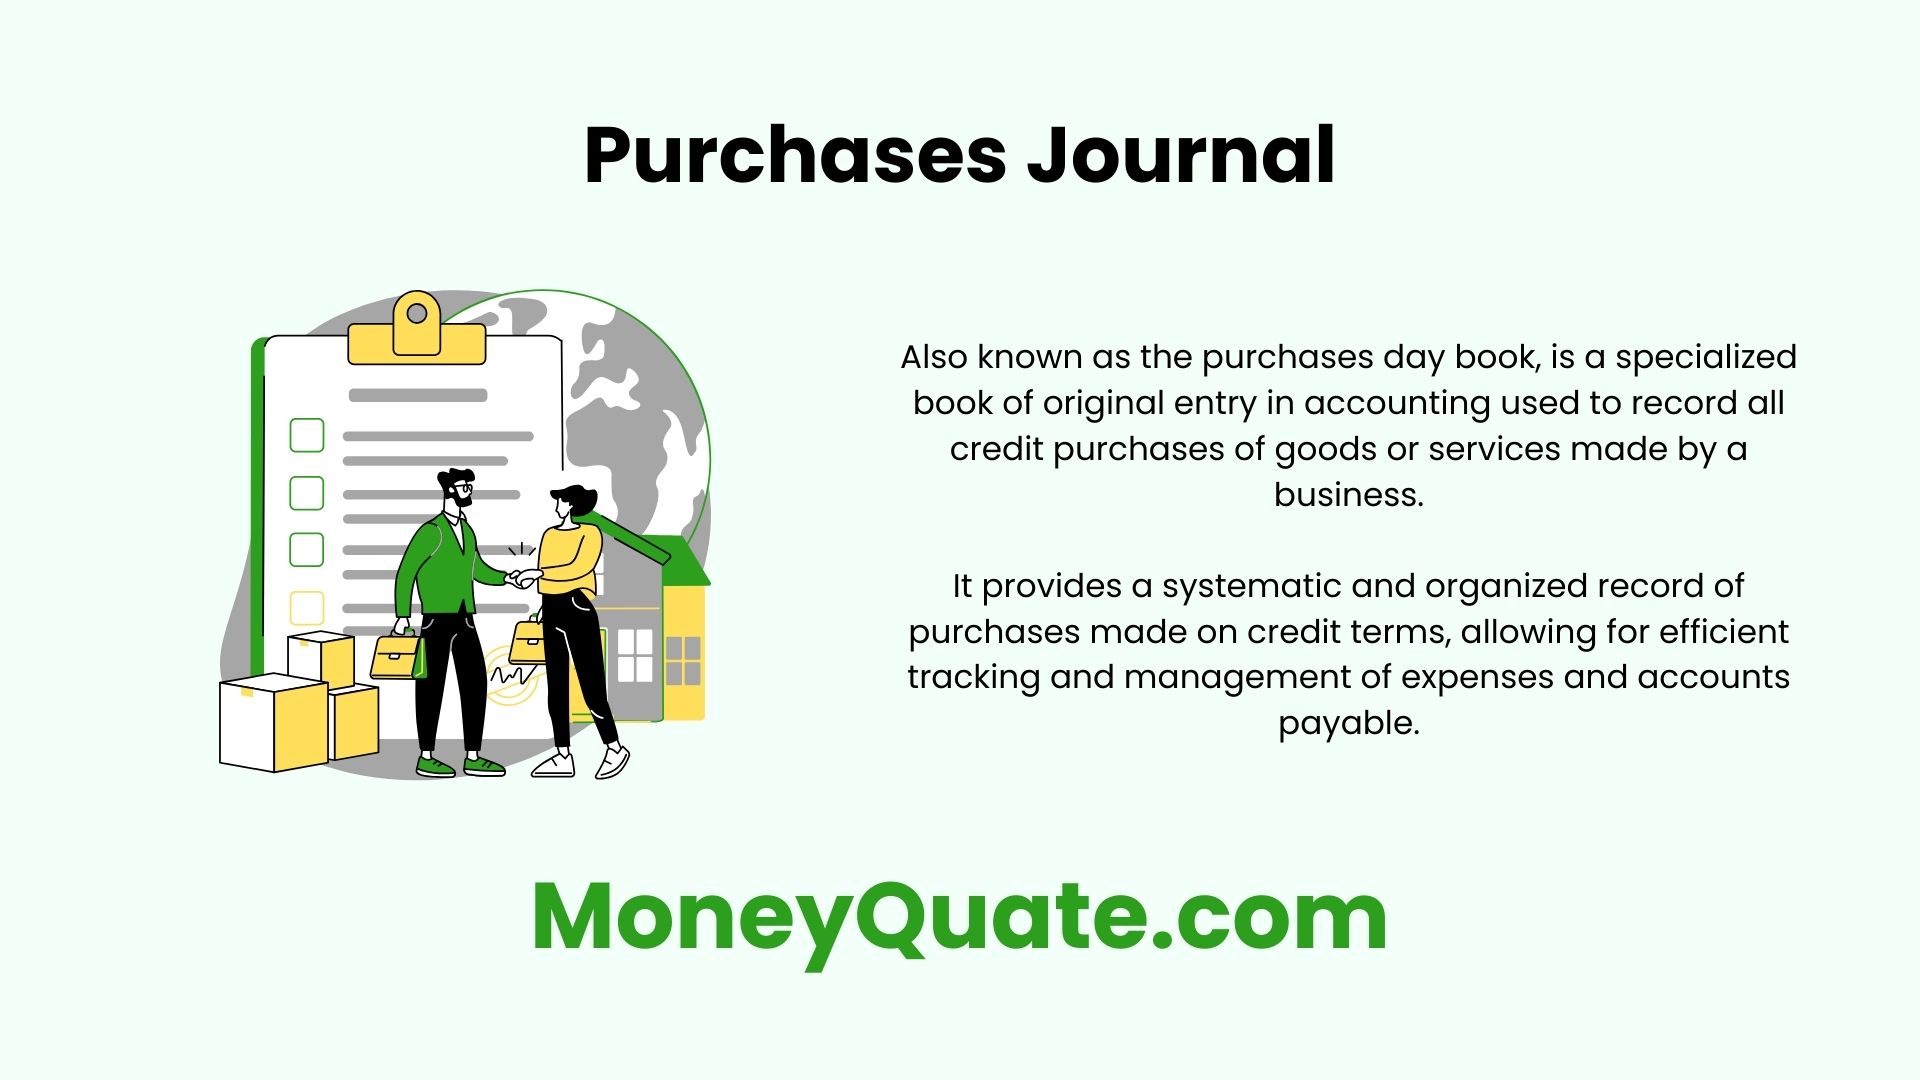 Purchases Journal Made Easy: A Step-by-Step Guide for Beginners
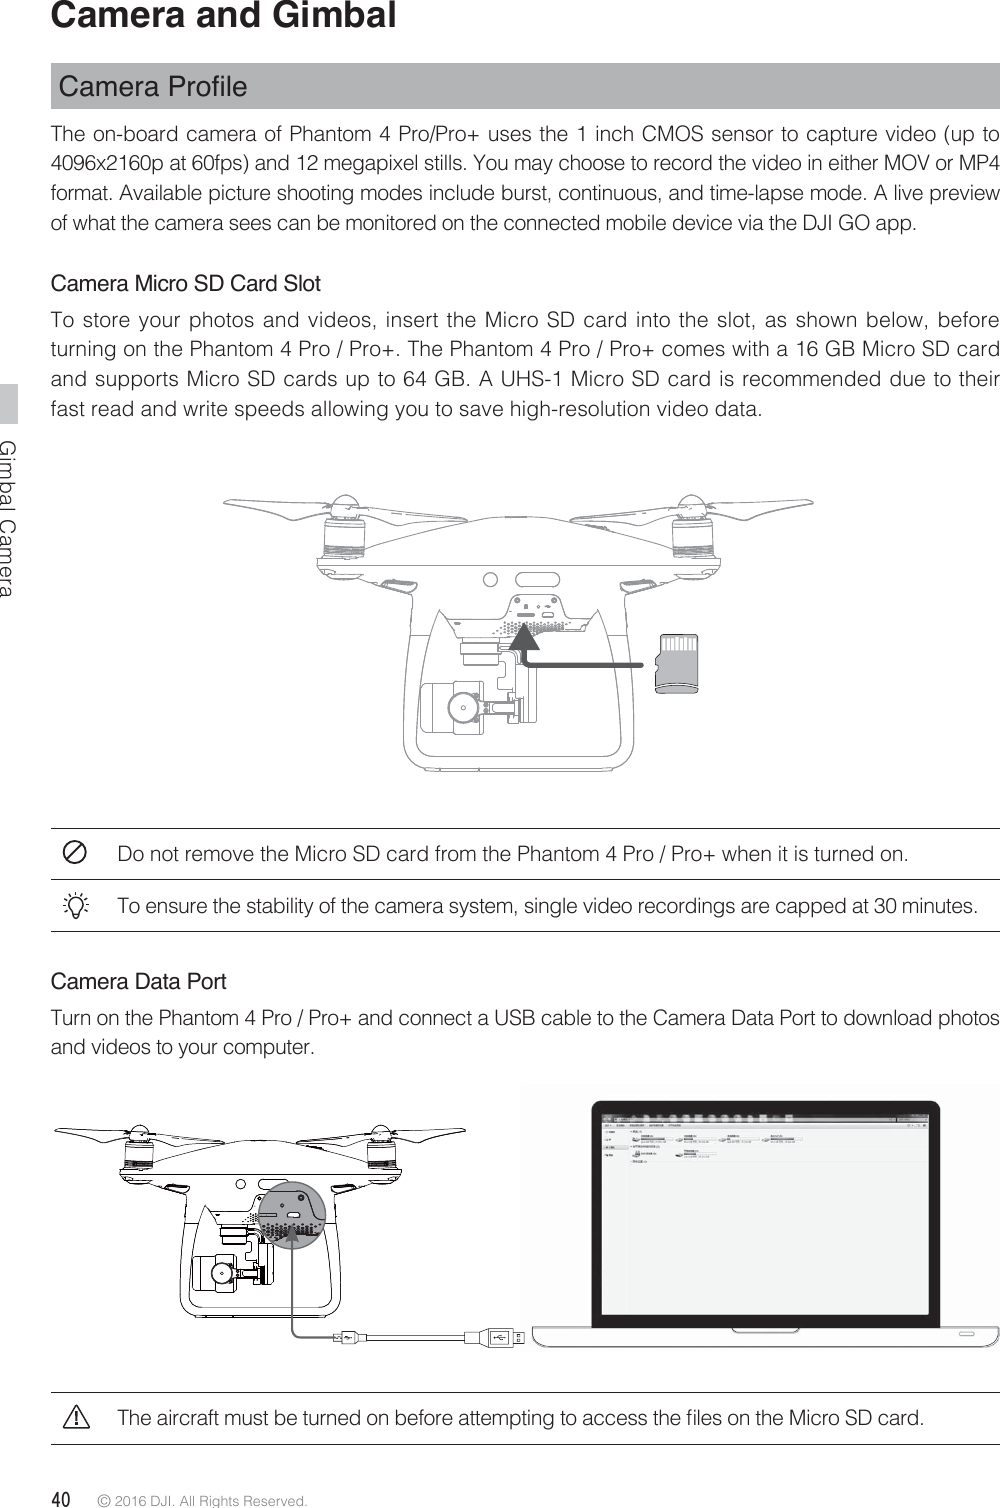 Gimbal Camera40 © 2016 DJI. All Rights Reserved. Camera and Gimbal &amp;DPHUD3URÀOHThe on-board camera of Phantom 4 Pro/Pro+ uses the 1 inch CMOS sensor to capture video (up to 4096x2160p at 60fps) and 12 megapixel stills. You may choose to record the video in either MOV or MP4 format. Available picture shooting modes include burst, continuous, and time-lapse mode. A live preview of what the camera sees can be monitored on the connected mobile device via the DJI GO app. Camera Micro SD Card SlotTo store your photos and videos, insert the Micro SD card into the slot, as shown below, before turning on the Phantom 4 Pro / Pro+. The Phantom 4 Pro / Pro+ comes with a 16 GB Micro SD card and supports Micro SD cards up to 64 GB. A UHS-1 Micro SD card is recommended due to their fast read and write speeds allowing you to save high-resolution video data.Do not remove the Micro SD card from the Phantom 4 Pro / Pro+ when it is turned on.To ensure the stability of the camera system, single video recordings are capped at 30 minutes.Camera Data PortTurn on the Phantom 4 Pro / Pro+ and connect a USB cable to the Camera Data Port to download photos and videos to your computer.5IFBJSDSBGUNVTUCFUVSOFEPOCFGPSFBUUFNQUJOHUPBDDFTTUIFmMFTPOUIF.JDSP4%DBSE
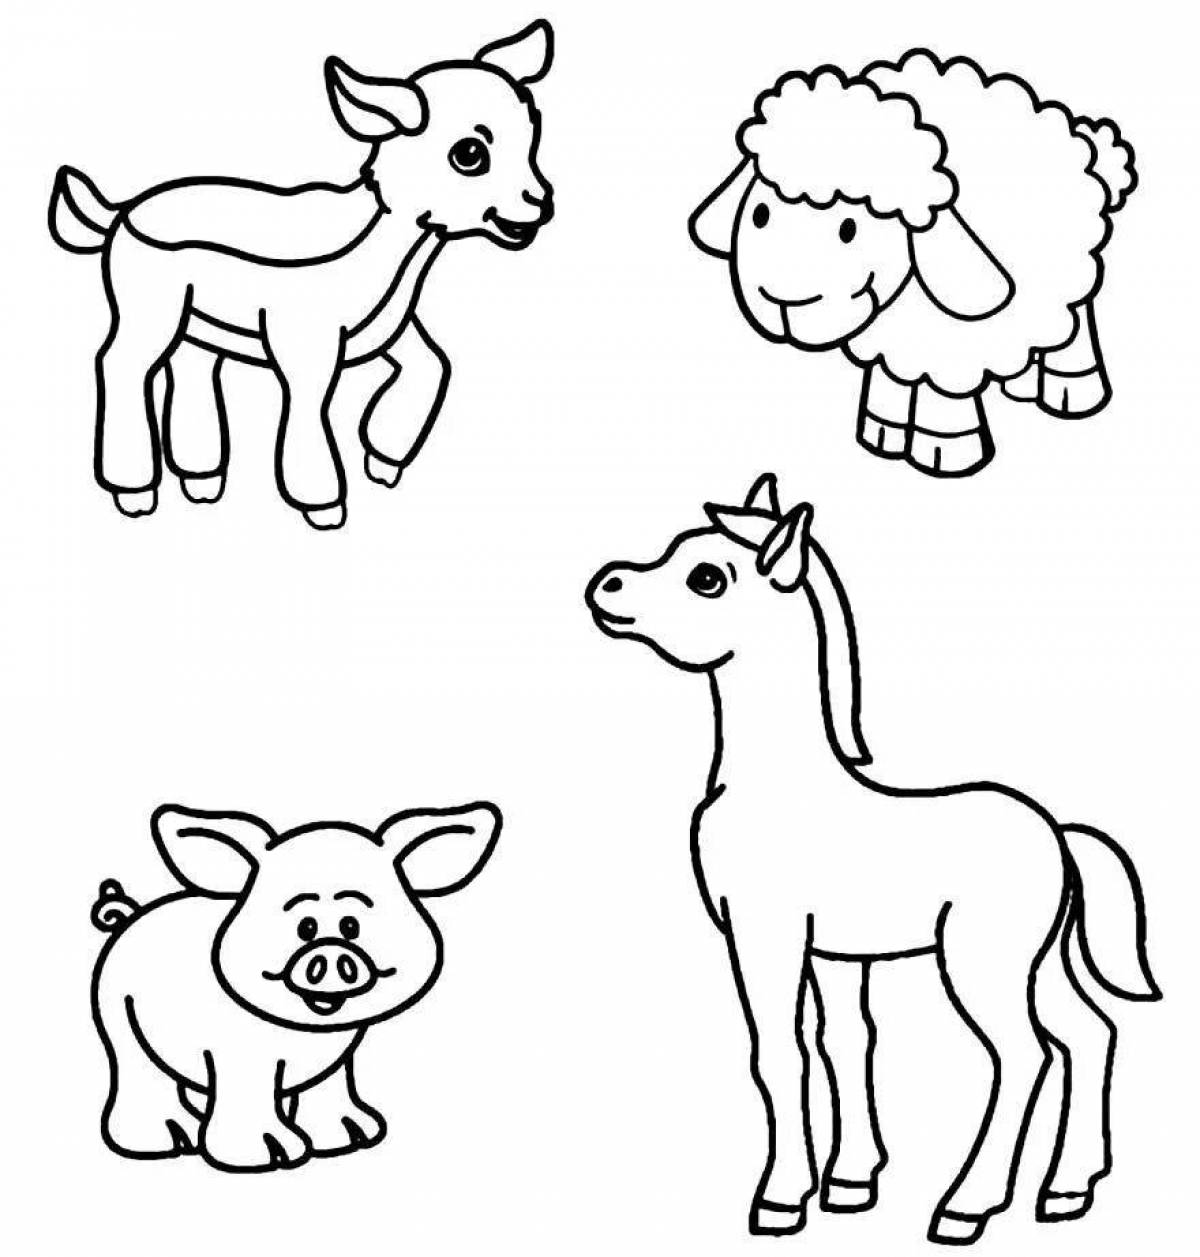 Coloring page friendly pets
^^^^^^^^
WORK ITEM
Give back the material above word for word; no picture belongs in it.

ANSWER FOR THIS EXERCISE
 Purchases Journal Made Easy: A Step-by-Step Guide for Beginners
 Gimbal Camera40 © 2016 DJI. All Rights Reserved. Camera and Gimbal &amp;DPHUD3URÀOHThe on-board camera of Phantom 4 Pro/Pro+ uses the 1 inch CMOS sensor to capture video (up to 4096x2160p at 60fps) and 12 megapixel stills. You may choose to record the video in either MOV or MP4 format. Available picture shooting modes include burst, continuous, and time-lapse mode. A live preview of what the camera sees can be monitored on the connected mobile device via the DJI GO app. Camera Micro SD Card SlotTo store your photos and videos, insert the Micro SD card into the slot, as shown below, before turning on the Phantom 4 Pro / Pro+. The Phantom 4 Pro / Pro+ comes with a 16 GB Micro SD card and supports Micro SD cards up to 64 GB. A UHS-1 Micro SD card is recommended due to their fast read and write speeds allowing you to save high-resolution video data.Do not remove the Micro SD card from the Phantom 4 Pro / Pro+ when it is turned on.To ensure the stability of the camera system, single video recordings are capped at 30 minutes.Camera Data PortTurn on the Phantom 4 Pro / Pro+ and connect a USB cable to the Camera Data Port to download photos and videos to your computer.5IFBJSDSBGUNVTUCFUVSOFEPOCFGPSFBUUFNQUJOHUPBDDFTTUIFmMFTPOUIF.JDSP4%DBSE
 Coloring page friendly pets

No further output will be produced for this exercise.